添削(9)ーM.Sさん しおさい会(2月)ー

原句 手話の祈り父へ届けん雪解風

句意は(おそらく)、生前手話で会話した父に、今また手話で語りかけている、語りかけるというのではなく祈っている。折からの雪解風に乗せてこの祈りを伝えてほしい、というものです。この雪解風に、私はアニミズムを感じます。また、この句からは、昭和29年に菊池章子が歌った岸壁の母の二番の歌詞、悲願十年この祈り 神様だけが知っている、、のあとのセリフ「ああ風よ 心あらば伝えてよ、、」を想起します。素晴らしい一句です。直すところはありません。

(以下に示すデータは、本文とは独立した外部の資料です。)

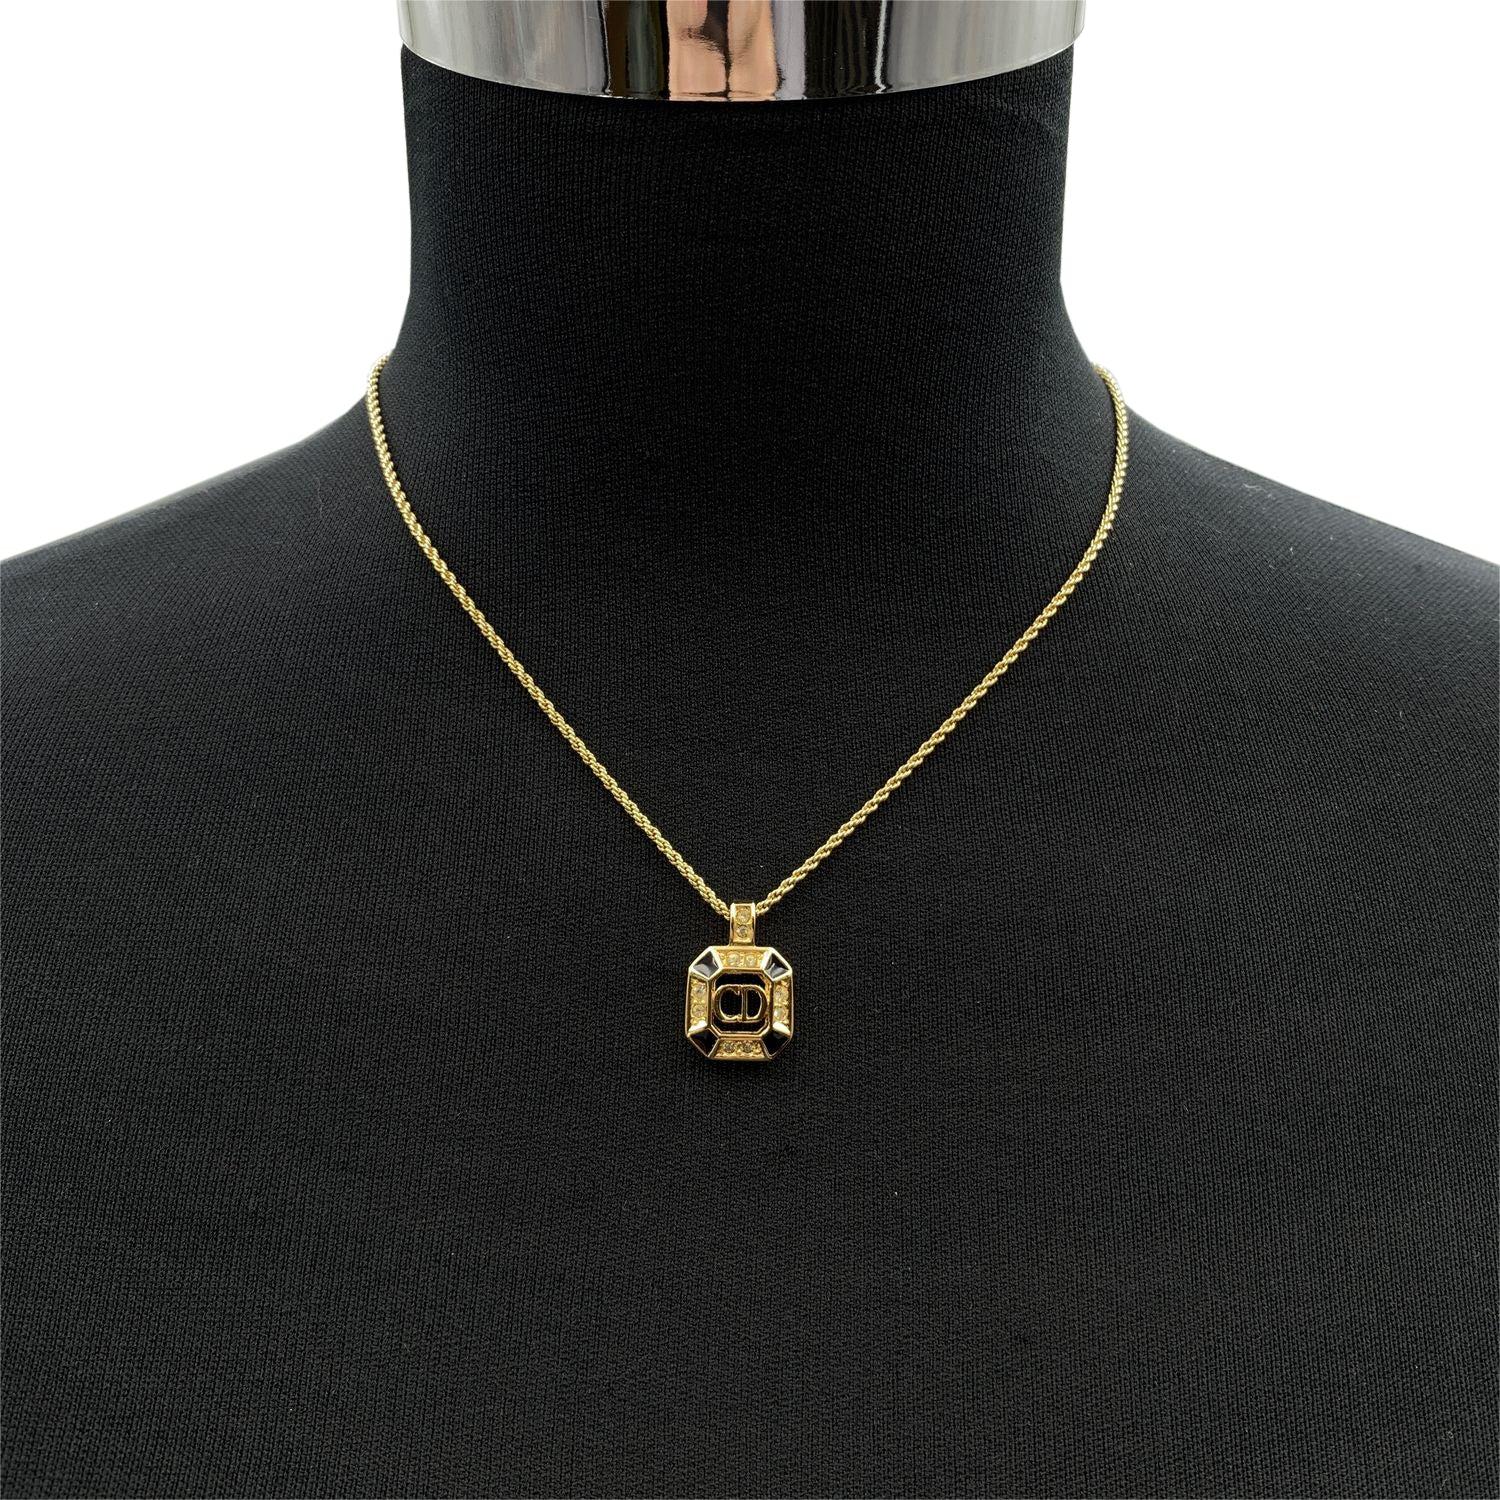 Collier vintage Christian Dior en chaîne de métal doré avec pendentif logo CD carré, agrémenté de petits strass et d'émail noir. Fermeture par anneau à ressort. Longueur de la chaîne : environ 16.5 inches - 42 cm Condition A - EXCELLENT Utilisé avec

(注)本句は添削者3名から特選を得る優秀句となりました。


原句 傘立てに落ちし木の芽の一滴

木の芽(このめ)が芽吹の子季語となっています。滴は落ちるものなので、中句の「落ちし」は、別の言葉を探したほうが良いでしょう。

参考例 蹲(つくばい)の紋や木の芽の一滴


原句 ゼロ磁場に神々揃ひ四方の春

ゼロ磁場とは、重なり合った地層が、相反する方向への力を受けて、磁場がゼロ状態になった場所をいい、パワースポットと考えられています。そこには神々が集っている、ということを詠んだ句です。中句の「揃ひ」は自動詞「揃ふ」の連用形で、助詞の「て」や助動詞の「ます」などに連なる活用形です。連用形で文を中止することも出来ますが、その場合のニュアンスとして、次に何かがある、というようなものになってきます。ここは終止形の「揃ふ」にして、句をここで切った方が良いと思います。「ゼロ磁場に神々揃ふ四方の春」「ゼロ磁場に神々おはす四方の春」。(おはす(終止形)でなくおはし(連用形)にしてみると、非常に違和感が生じることに気付きます。)別の方法として、神々を上五に持ってきて、連体形の「揃ふ」を使うことも可能です。「神々の揃ふゼロ磁場四方の春」。

参考例では、神々と四方の代わりに、断層崖と水を入れて、より映像の強いものにしました。